Wednesday, April 1, 2009

Traces of a Heritage

The movie Traces of the Trade: Stories of the Deep North was touching and inspiring. It was touching because of their personal journey that was not an easy one. They were met with negative attitudes on both side of the color line, but they still continued forward toward their goal of understanding. 140 people that Katrina Brown sent out a letter to never replied to her, which shows that those people did not want to be a part of something she viewed as needing to be done. In Ghana, they meet an African woman who said that she hoped she would not meet any white people at the ceremony. The DeWolf descendents did not feel comfortable in Ghana, but I do not think they felt entirely comfortable in Rhode Island. When Katrina and the others started their journey, they started something that changed who they were.

While Katrina learns about Captain Mark Anthony DeWolf, the viewer is learning also. There were several aspects of his involvement in the slave trade that I have not seen before in most stories of the slave trade. The movie says that the slave trade was illegal for some time while Mark Anthony DeWolf was practicing it. An emphasis was placed on the view that everyone in town was involved in, and depended, on the slave trade. Multiple people said this, and although I believe them, it seemed a little like rationalization. Another fact brought up was that three generations of DeWolf took part in slave trading. Katrina says that was hard for her to hear, because she thought that someone would of realized what they were doing was wrong.

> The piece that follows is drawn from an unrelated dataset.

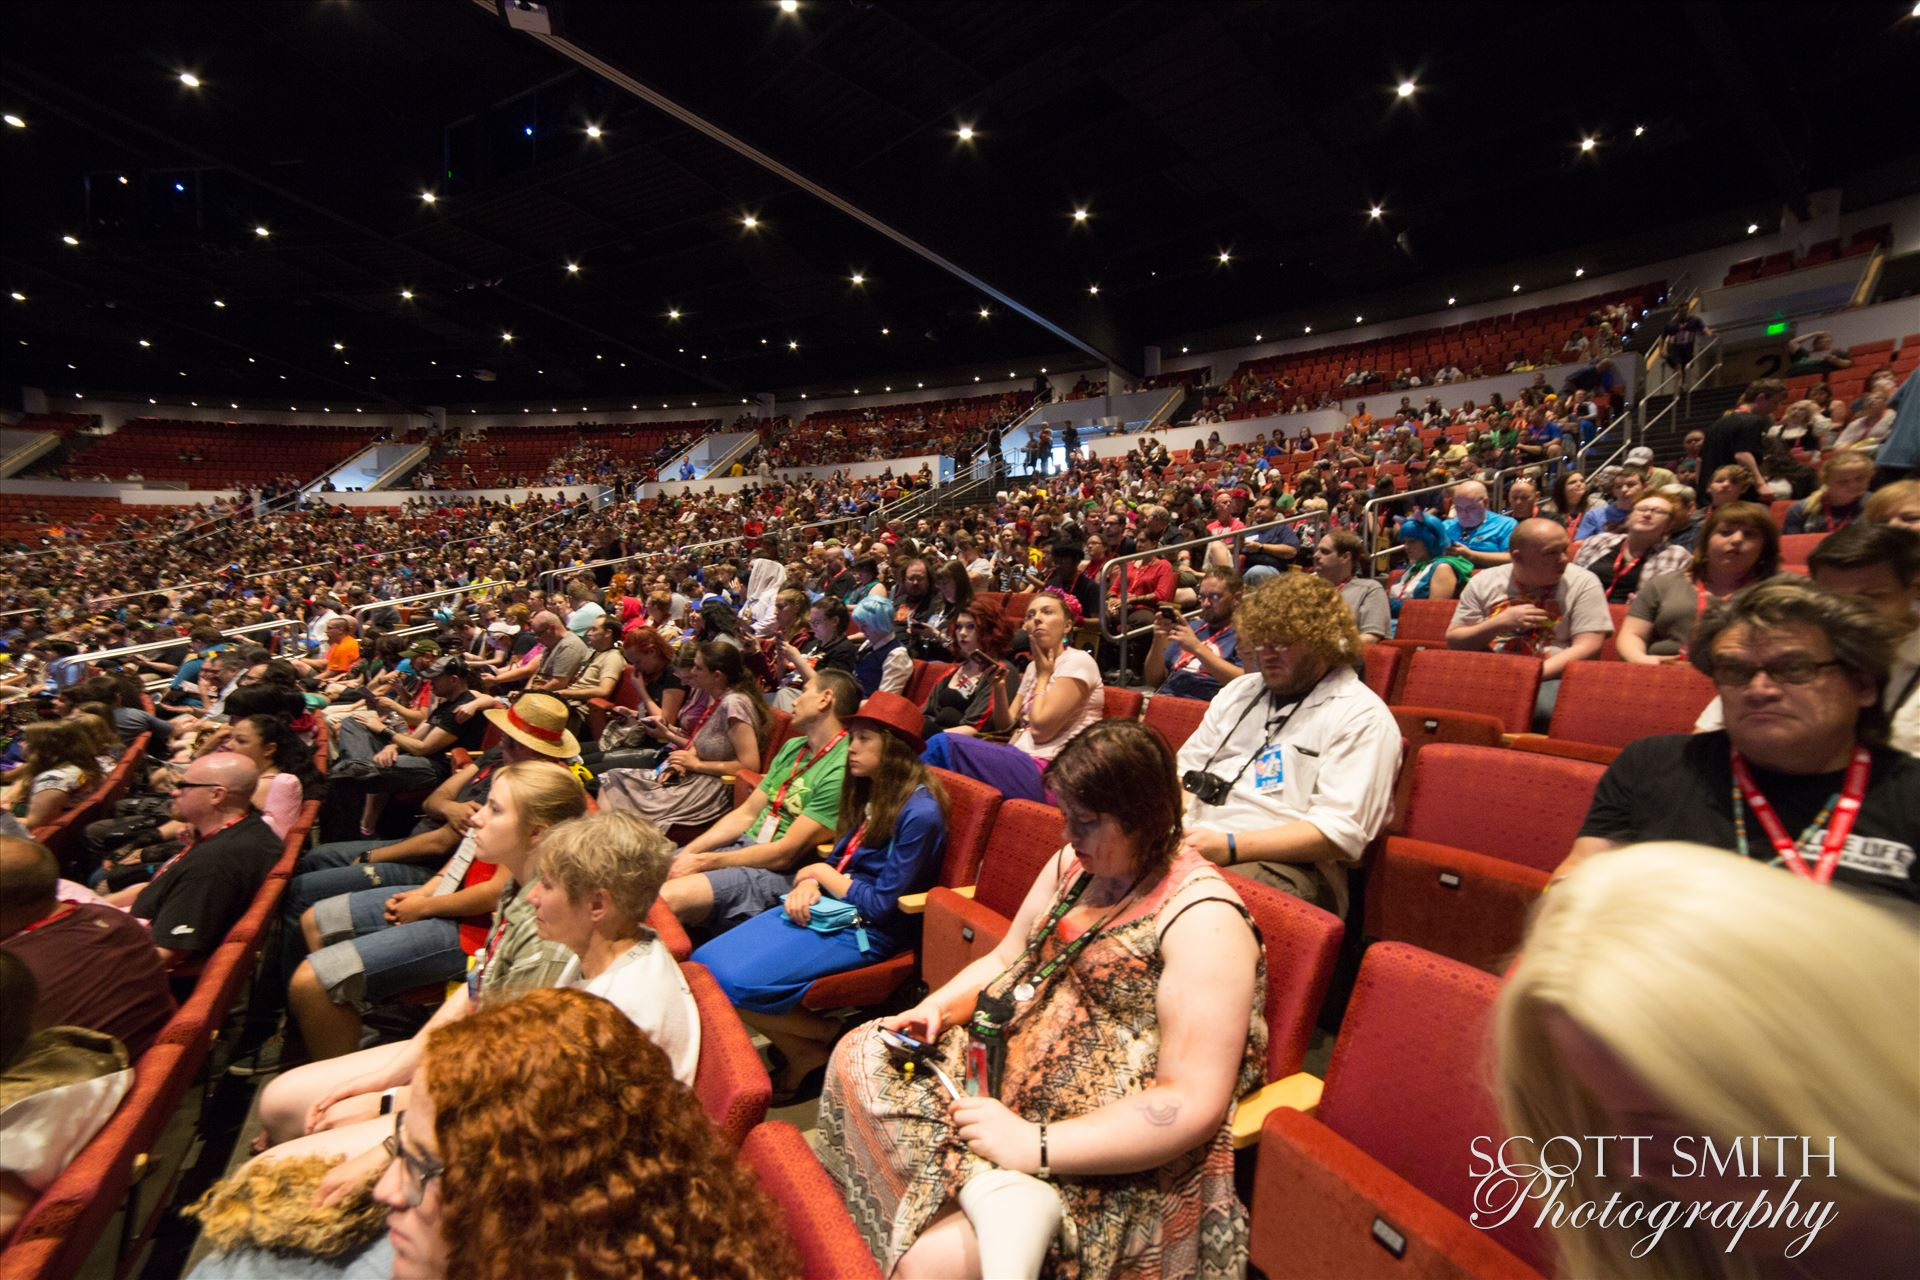 Denver Comic Con 2016 14 - Denver Comic Con 2016 at the Colorado Convention Center. by D Scott Smith

I think one of the things that I took away from this movie was a message to explore your own heritage. Katrina and the others took the iniative to go to an uncomfortable place with in themselves and challenge what they believed. It was not an easy process for them, and I think that questioning your self-identity is never an easy process, but I think it must be done. Another issue presented in the film is reparations. I do not think the film is giving the answer of performing reparations, whiping the slate clean for those with families that were involved with the slave trade, and forgetting the past. What Katrina is suggesting is that reparations is a good start for starting to undo the damage that the DeWolf family had caused. Reparations will not fix everything that is causing oppression for African-Americans, but it is a start.